* _Supplied information_:

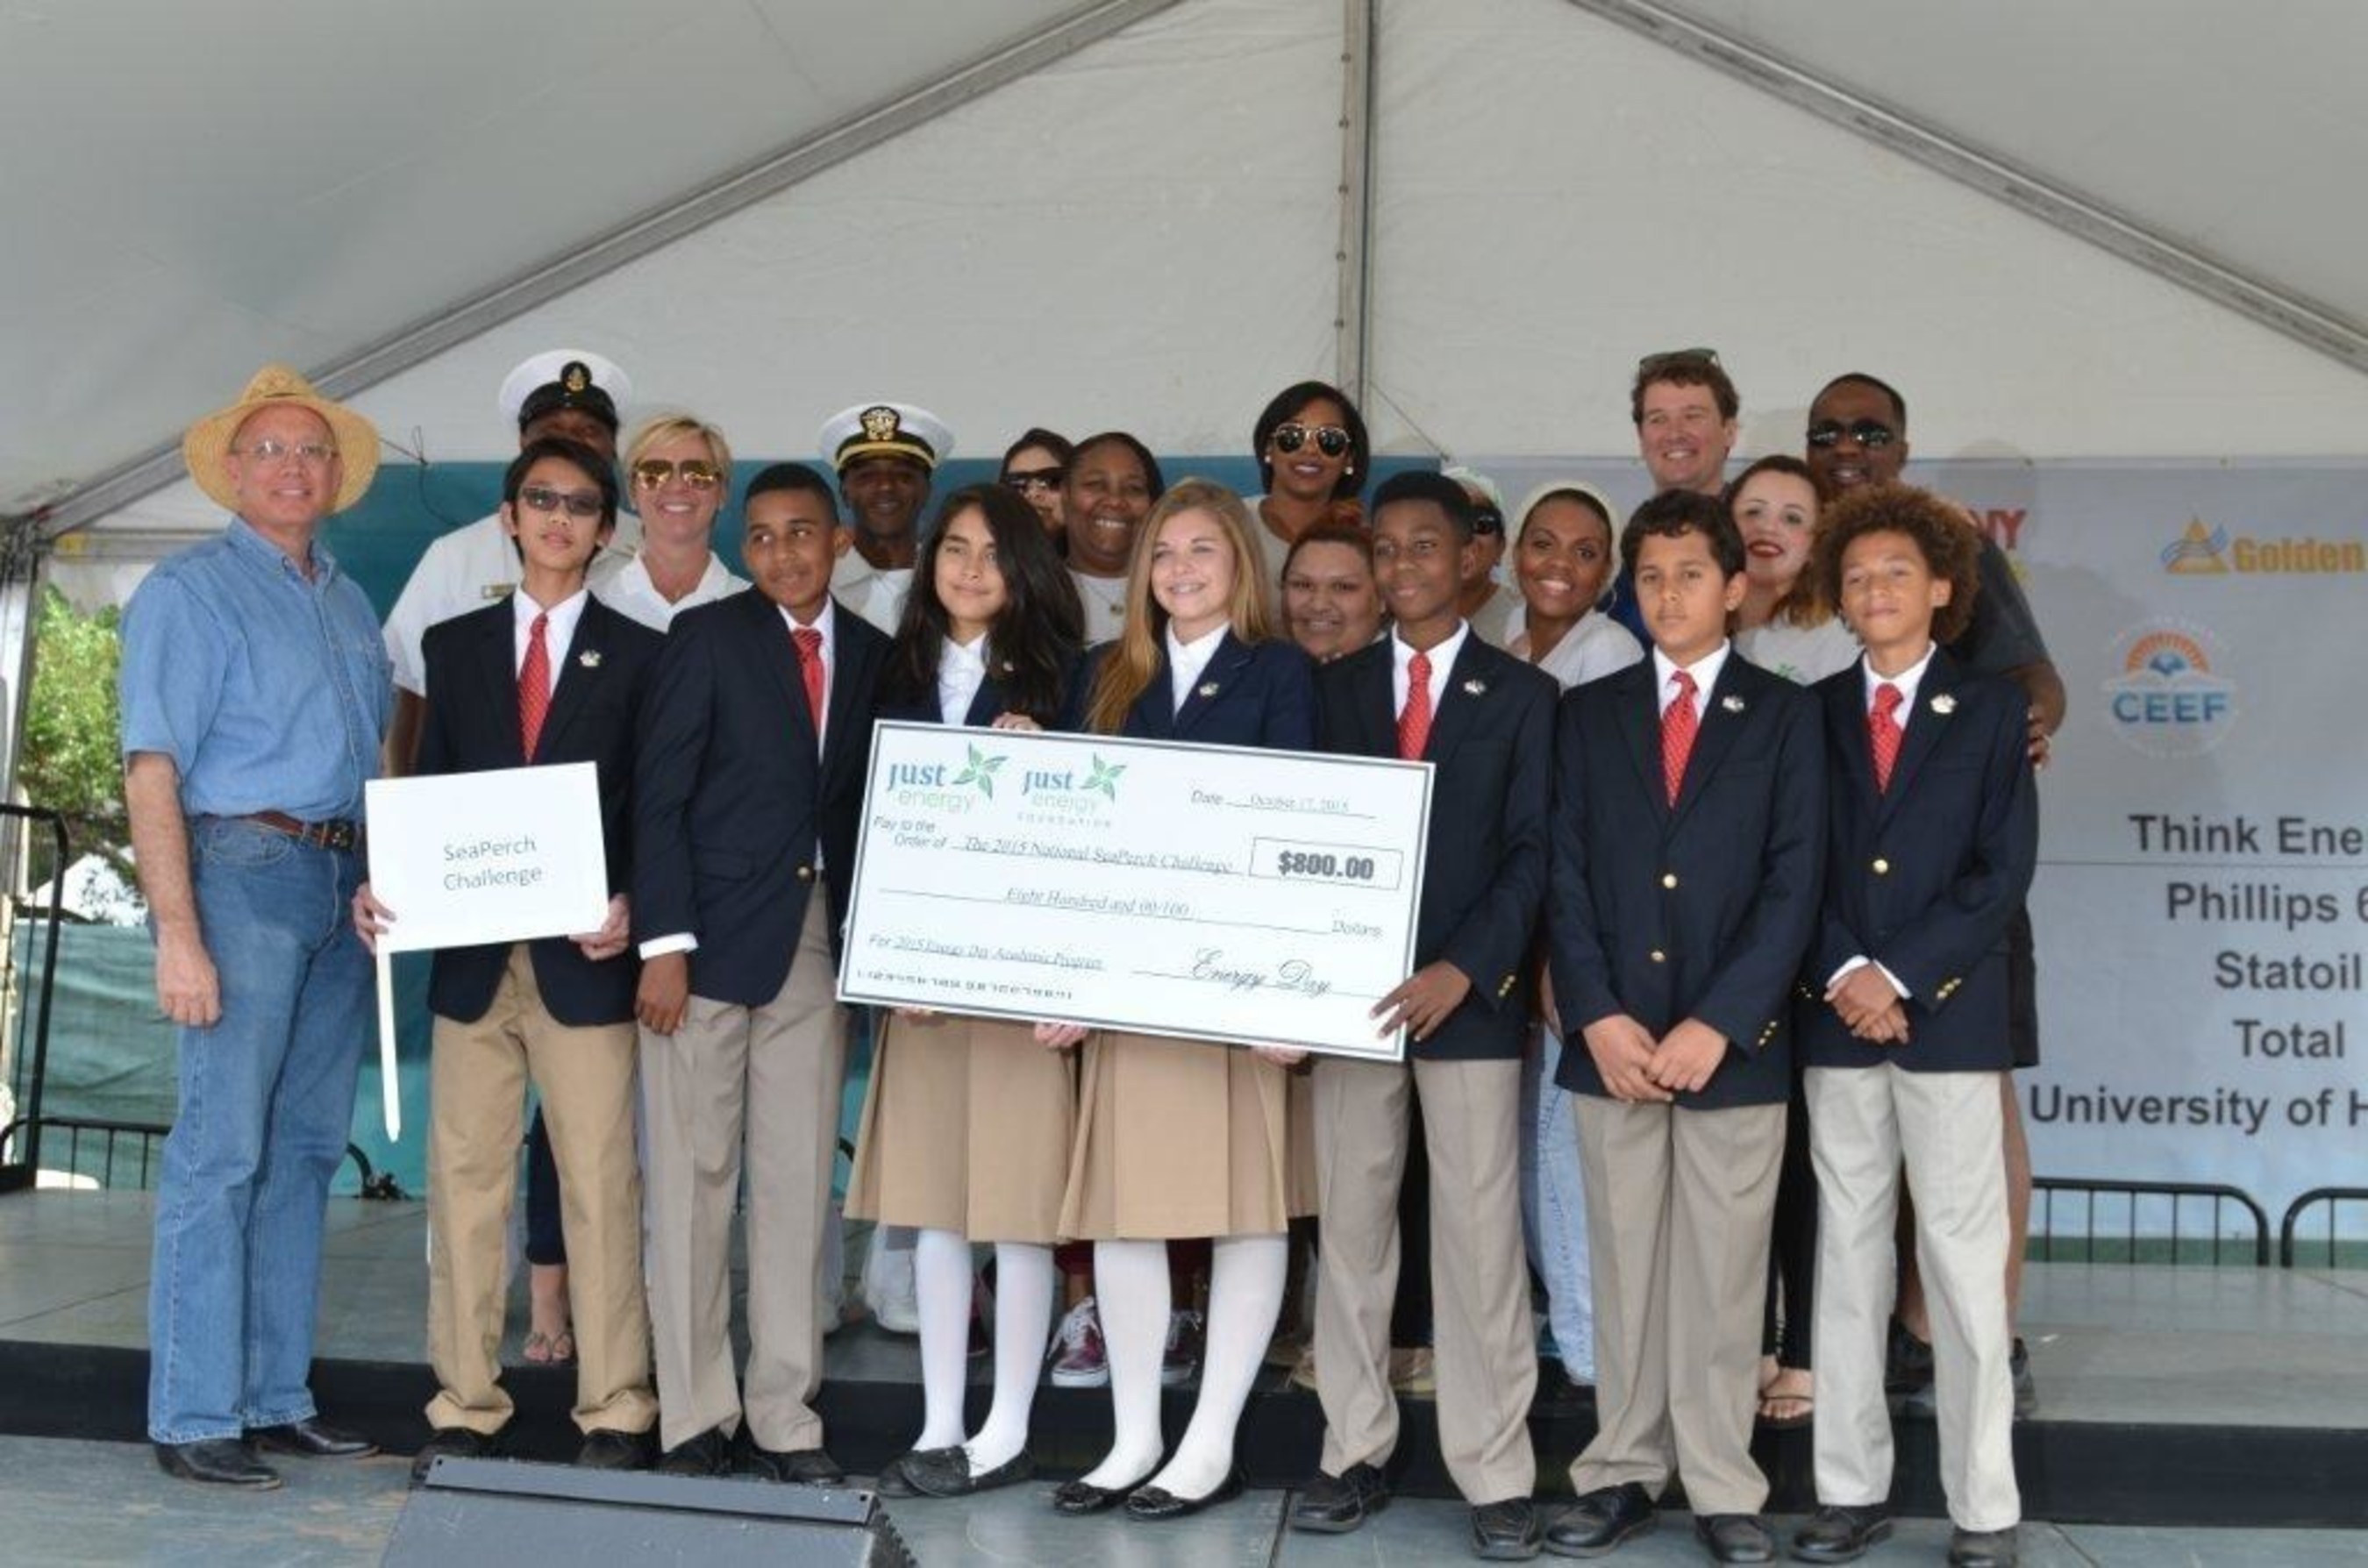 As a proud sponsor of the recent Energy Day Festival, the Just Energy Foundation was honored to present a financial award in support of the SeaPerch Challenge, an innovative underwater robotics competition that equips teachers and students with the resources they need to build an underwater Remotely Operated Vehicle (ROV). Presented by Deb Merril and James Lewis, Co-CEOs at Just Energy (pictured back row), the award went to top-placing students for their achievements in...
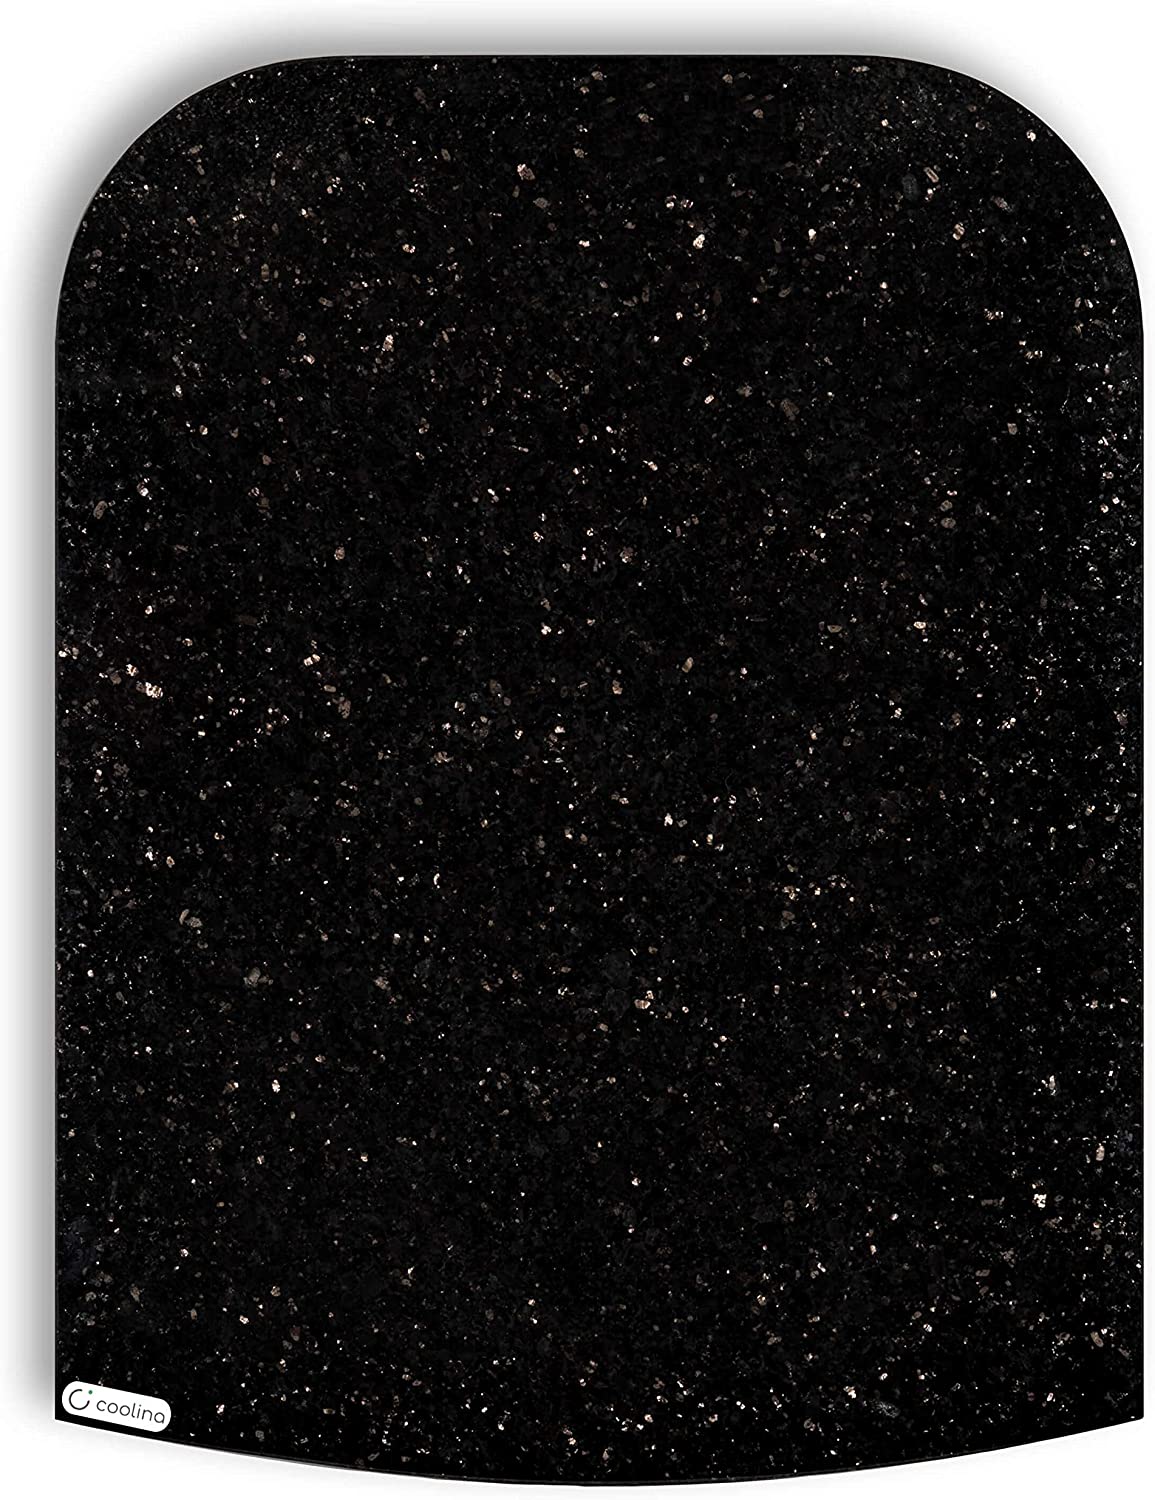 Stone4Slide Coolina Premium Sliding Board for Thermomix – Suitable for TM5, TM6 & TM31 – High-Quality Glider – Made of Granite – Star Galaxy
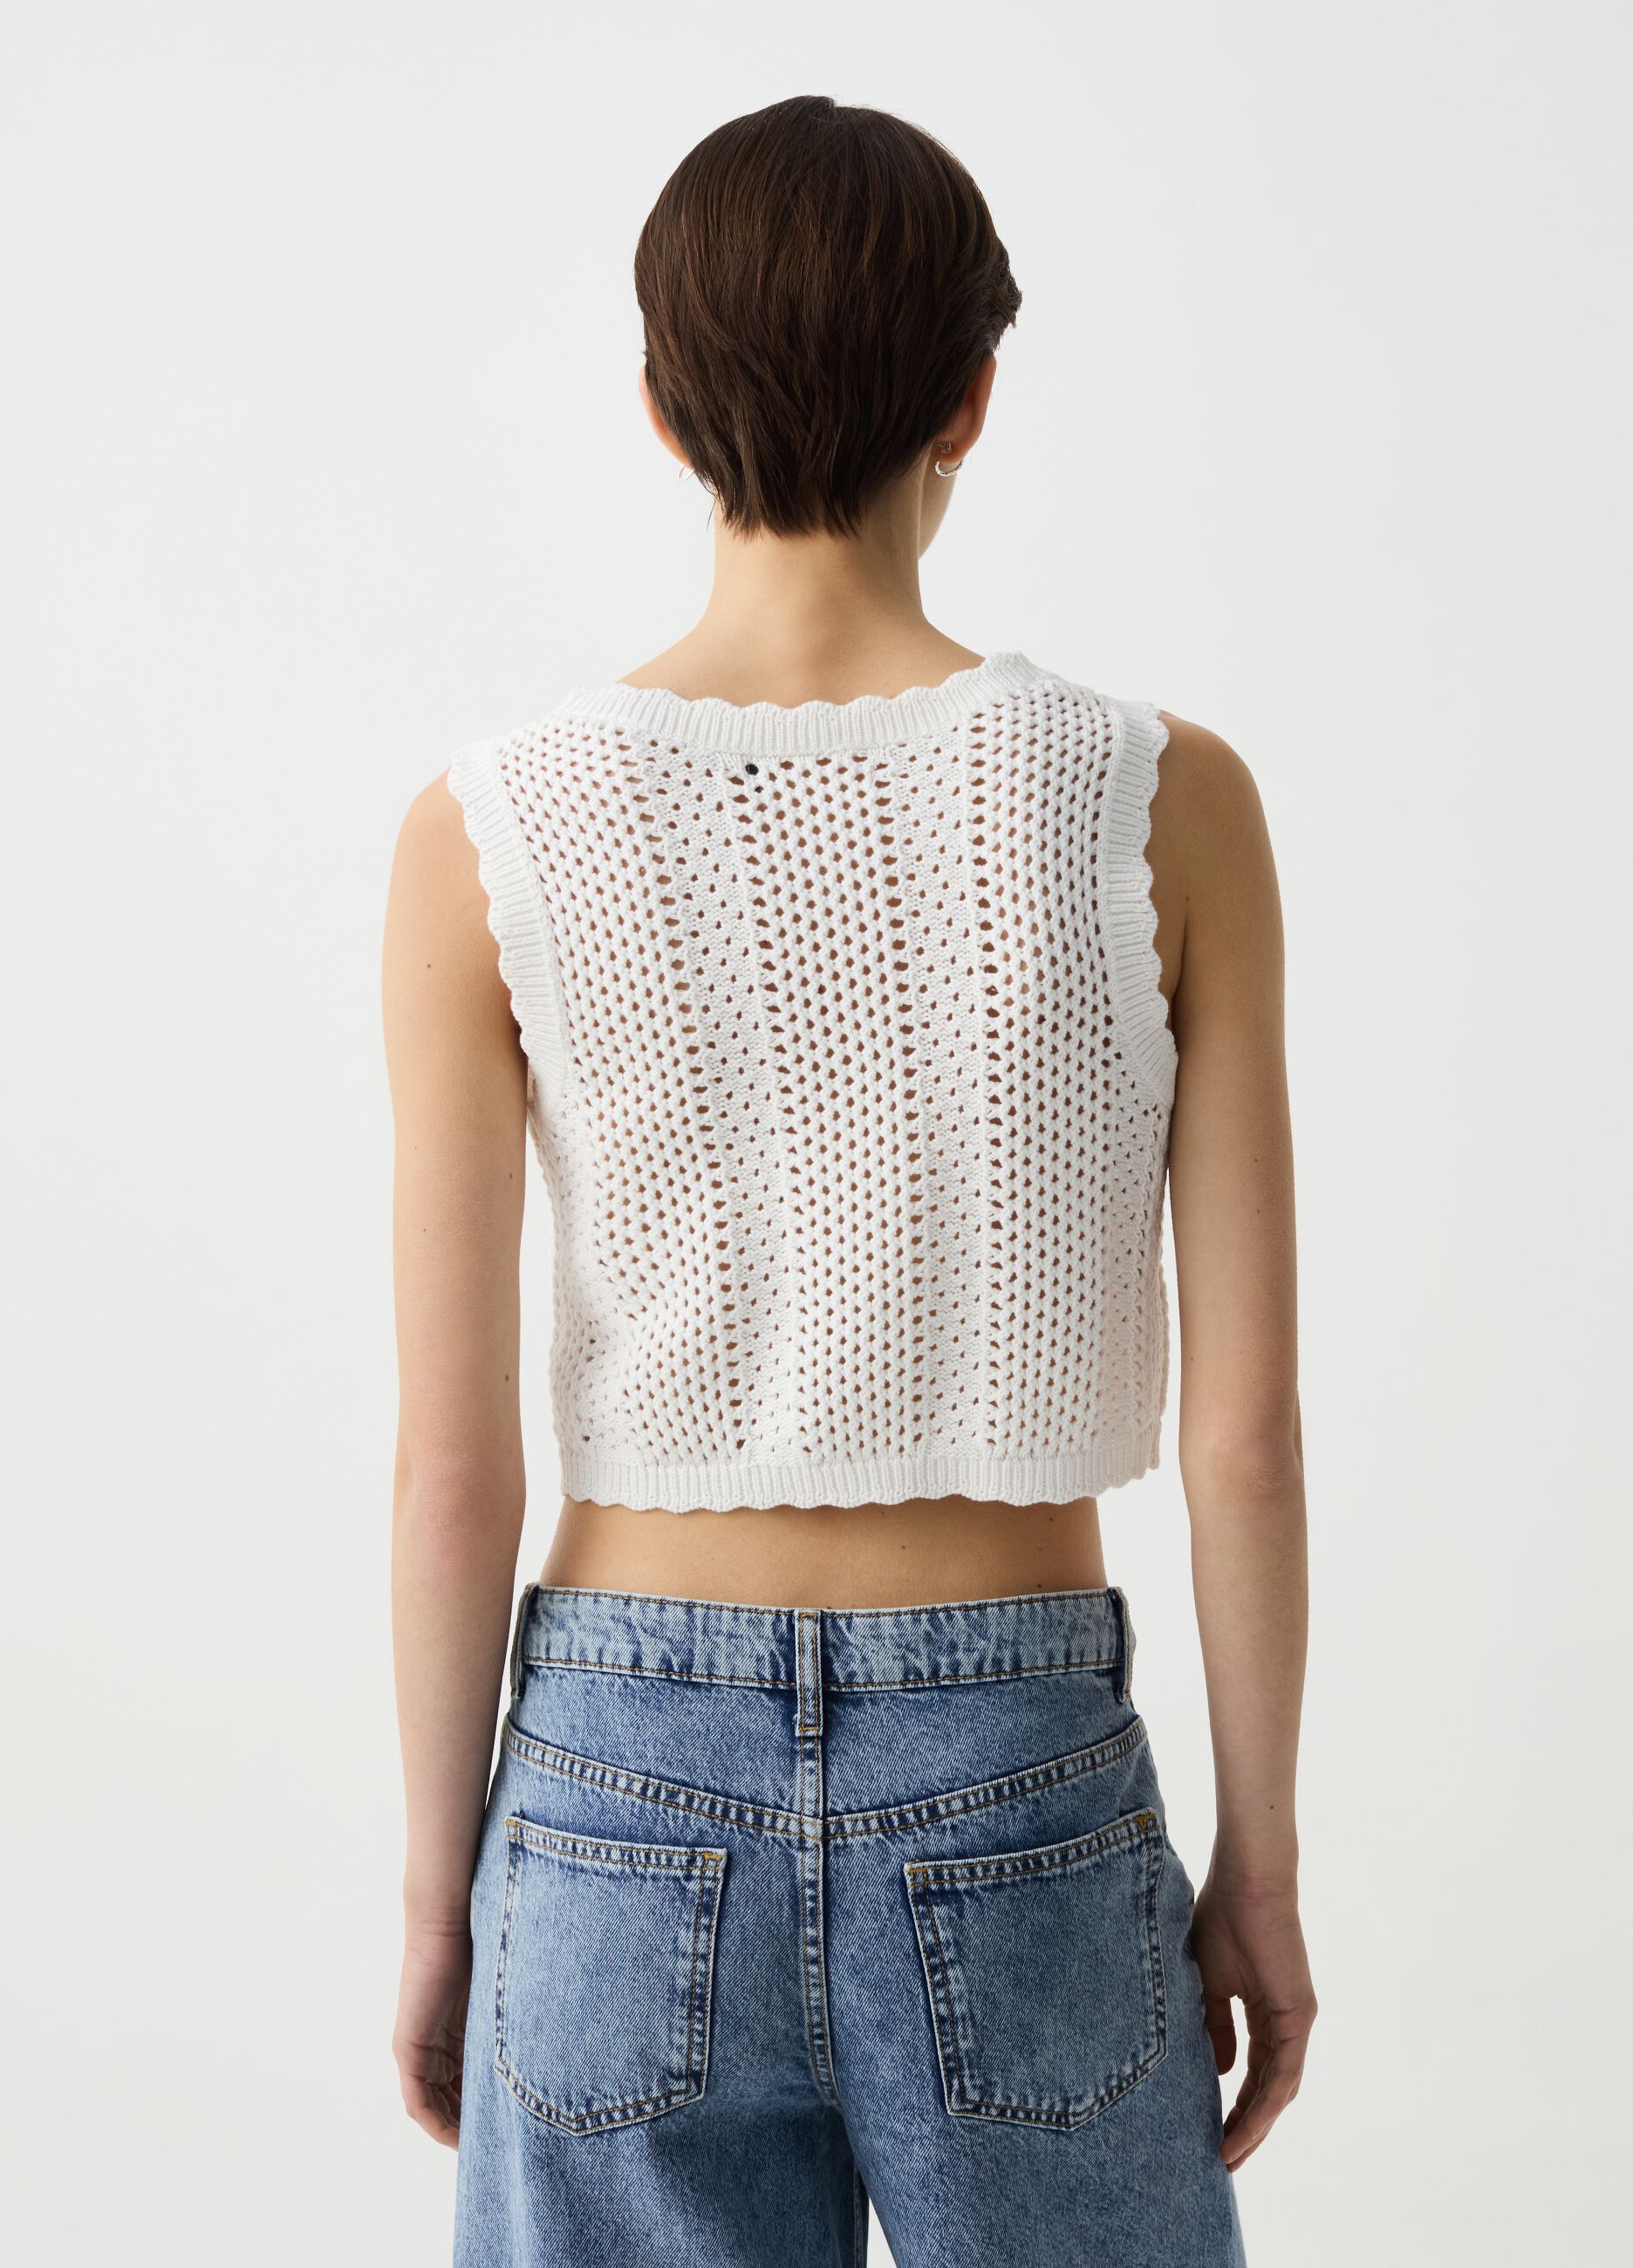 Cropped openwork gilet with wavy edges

* _Task item_: The answer should contain all the material above, copied exactly, and no images.

* _Answer to the problem_:
 As a proud sponsor of the recent Energy Day Festival, the Just Energy Foundation was honored to present a financial award in support of the SeaPerch Challenge, an innovative underwater robotics competition that equips teachers and students with the resources they need to build an underwater Remotely Operated Vehicle (ROV). Presented by Deb Merril and James Lewis, Co-CEOs at Just Energy (pictured back row), the award went to top-placing students for their achievements in...
 Stone4Slide Coolina Premium Sliding Board for Thermomix – Suitable for TM5, TM6 & TM31 – High-Quality Glider – Made of Granite – Star Galaxy
 Cropped openwork gilet with wavy edges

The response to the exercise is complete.